(Records from a dataset)
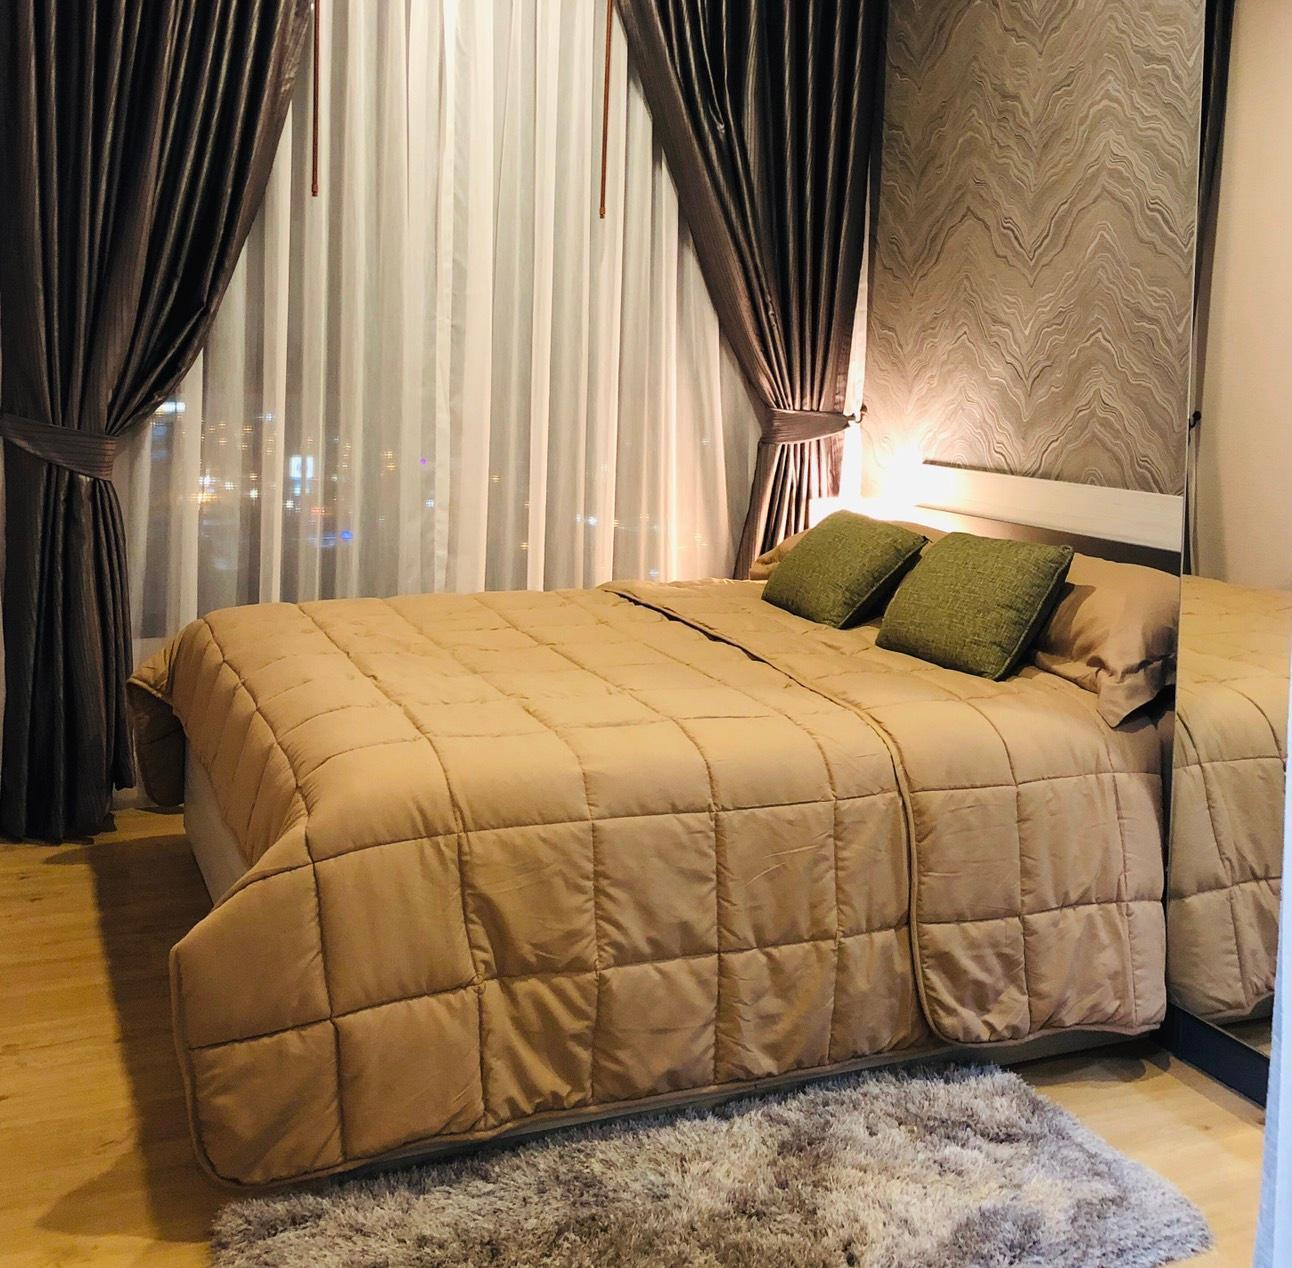 Orchid @ Laemchabang- Sriracha Chonburi อพาร์ตเมนต์ 1 ห้องนอน 1 ห้องน้ำส่วนตัว ขนาด 27 ตร.ม. – ศรีราชา
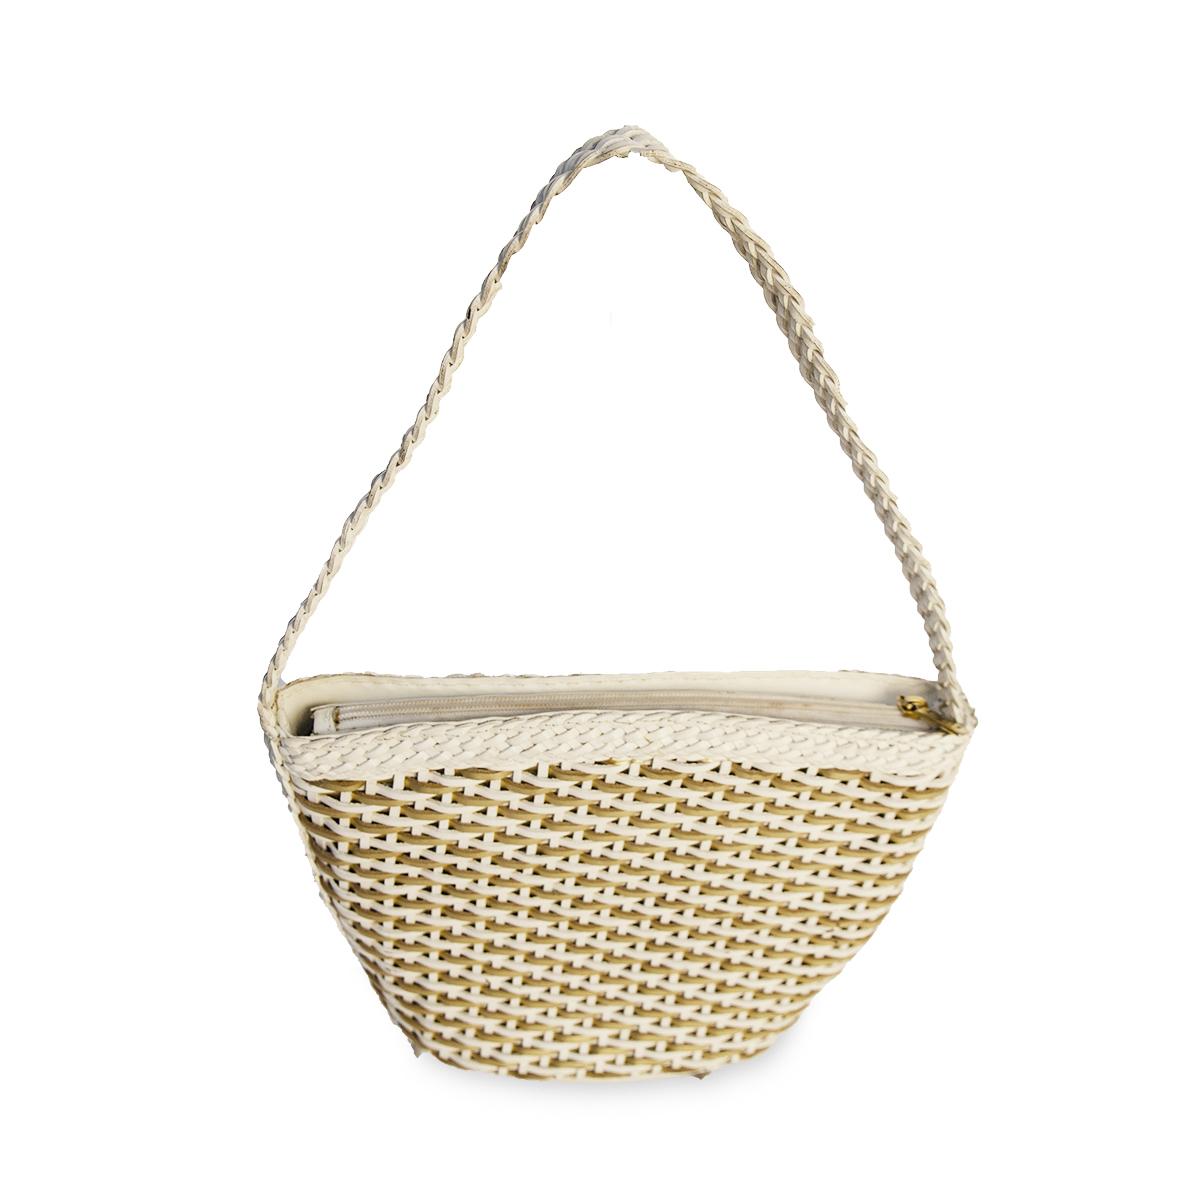 Vintage bucket bag
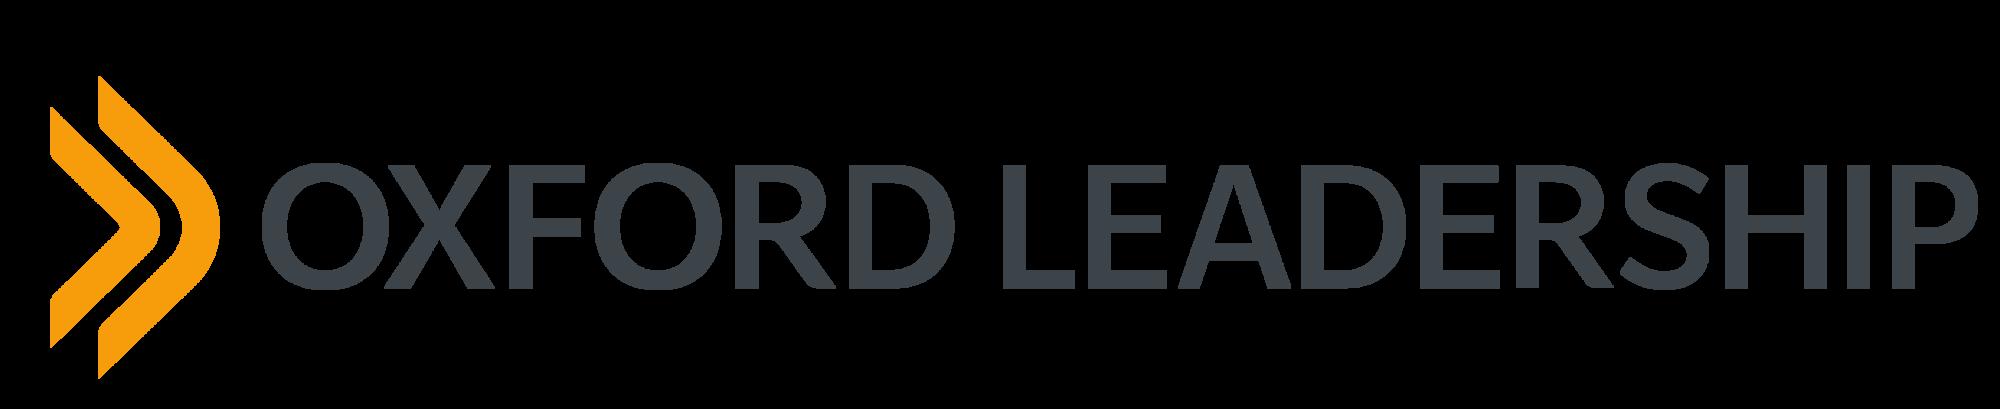 Oxford Leadership
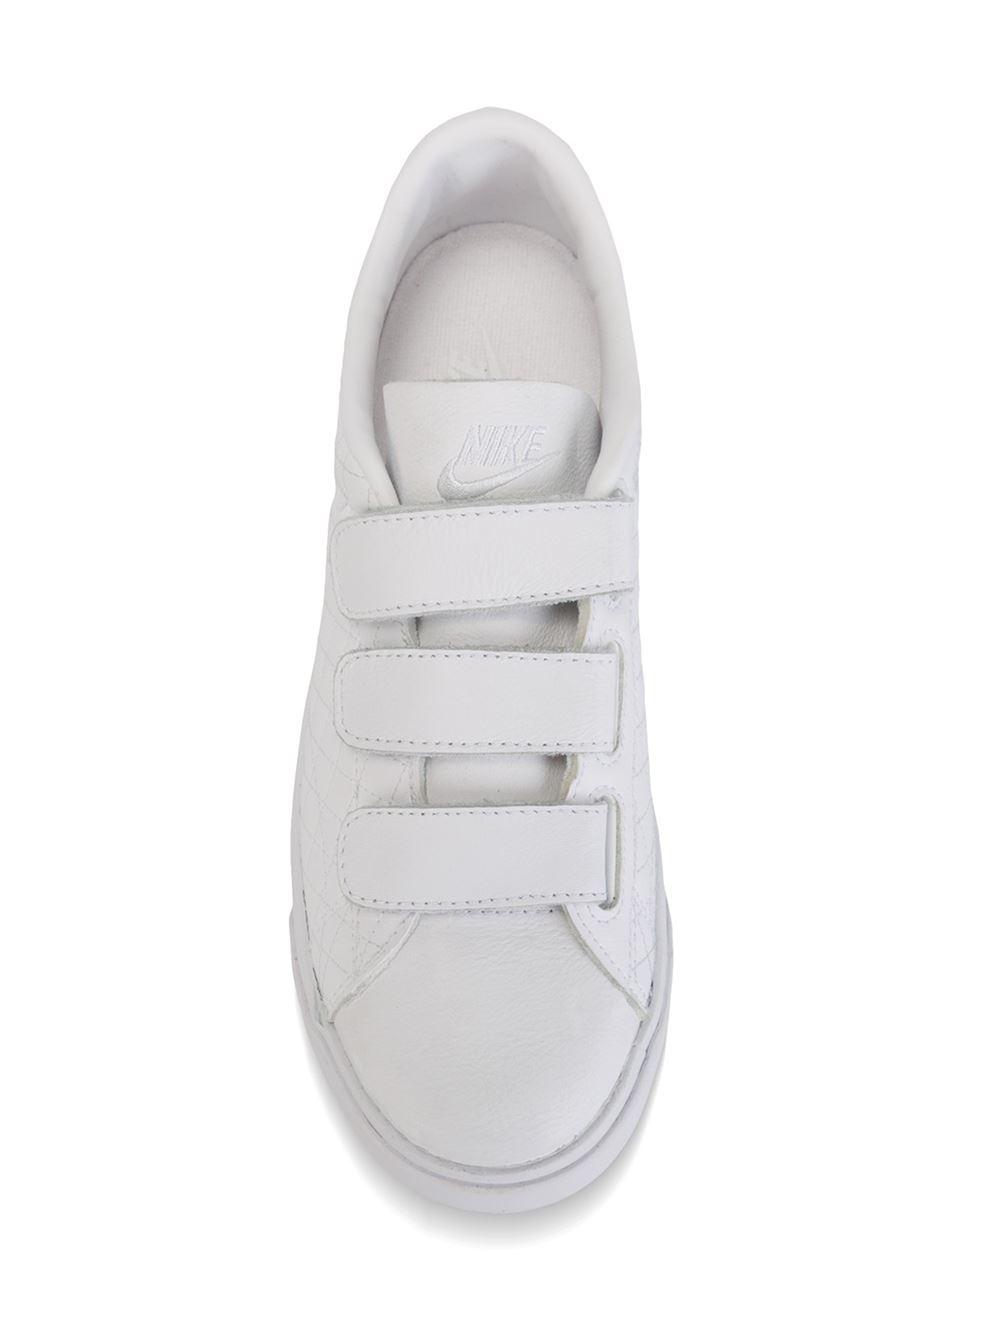 Lyst Low Tennis Men Ac In Top For Sneakers Classic Nike White V 1f1wxXr6q 14d7048b34b
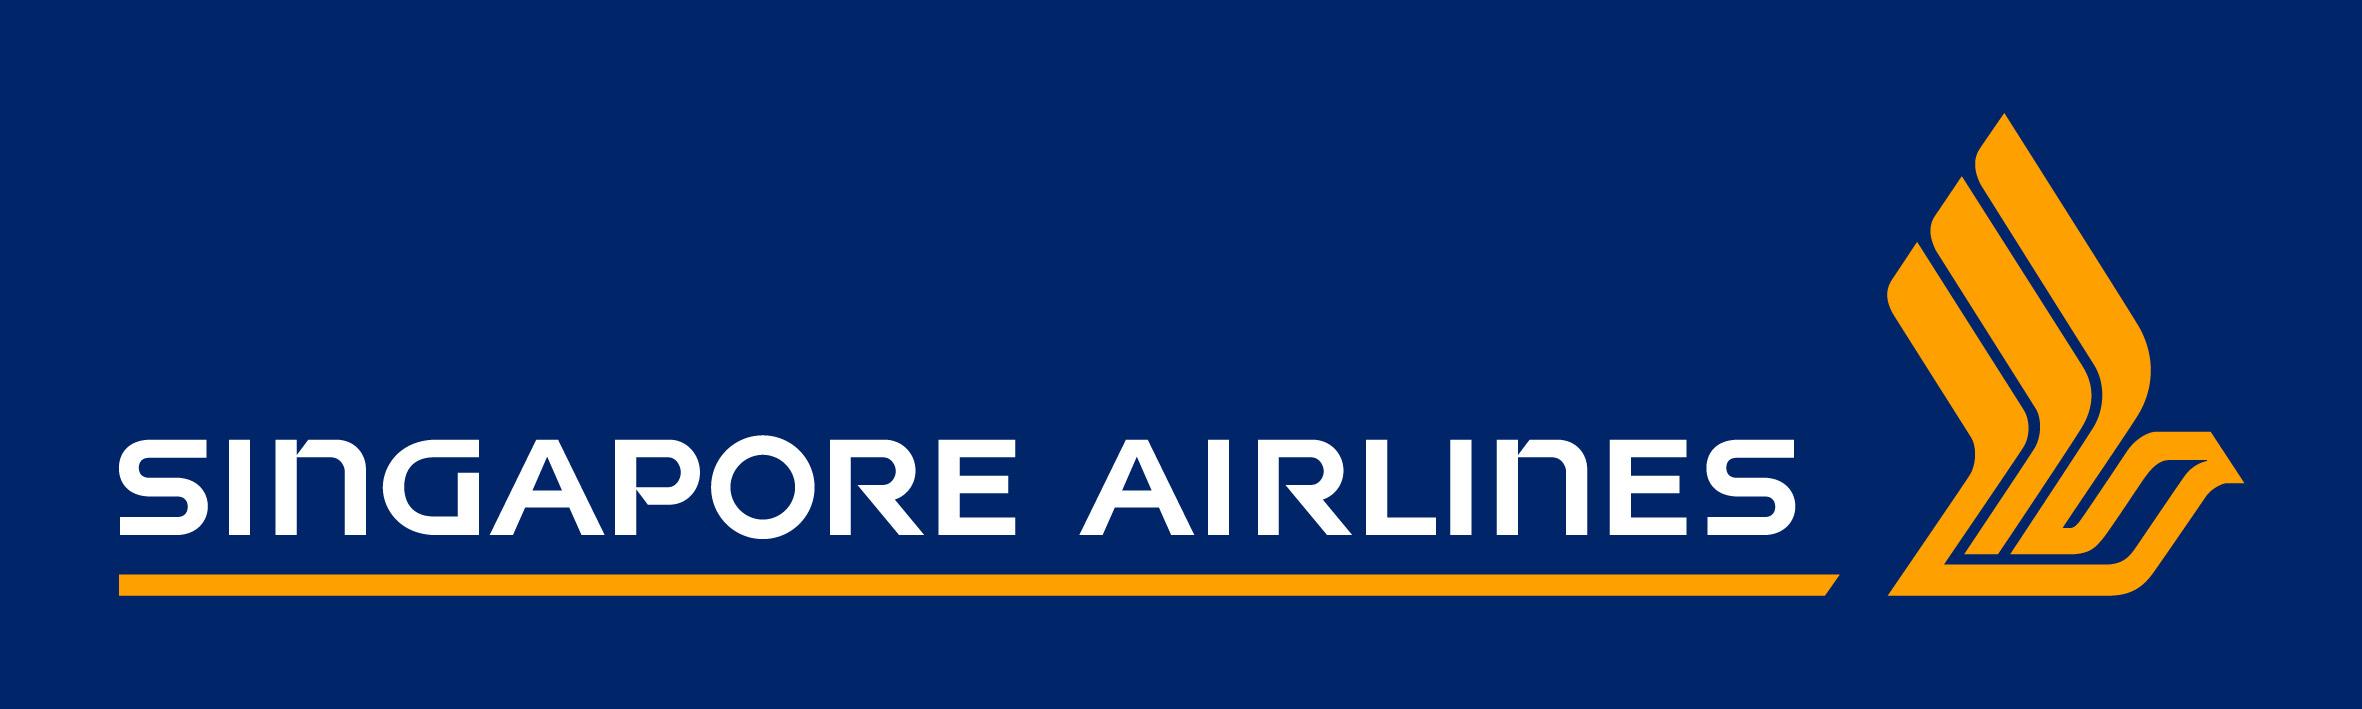 Логотип Сингапурских авиалиний (Singapore Airlines Logo)

[DIRECTIONS FOR THIS TASK]
The entries above need to be transcribed exactly, with the images left out.

[RESPONSE AREA]
 Orchid @ Laemchabang- Sriracha Chonburi อพาร์ตเมนต์ 1 ห้องนอน 1 ห้องน้ำส่วนตัว ขนาด 27 ตร.ม. – ศรีราชา
 Vintage bucket bag
 Oxford Leadership
 Lyst Low Tennis Men Ac In Top For Sneakers Classic Nike White V 1f1wxXr6q 14d7048b34b
 Логотип Сингапурских авиалиний (Singapore Airlines Logo)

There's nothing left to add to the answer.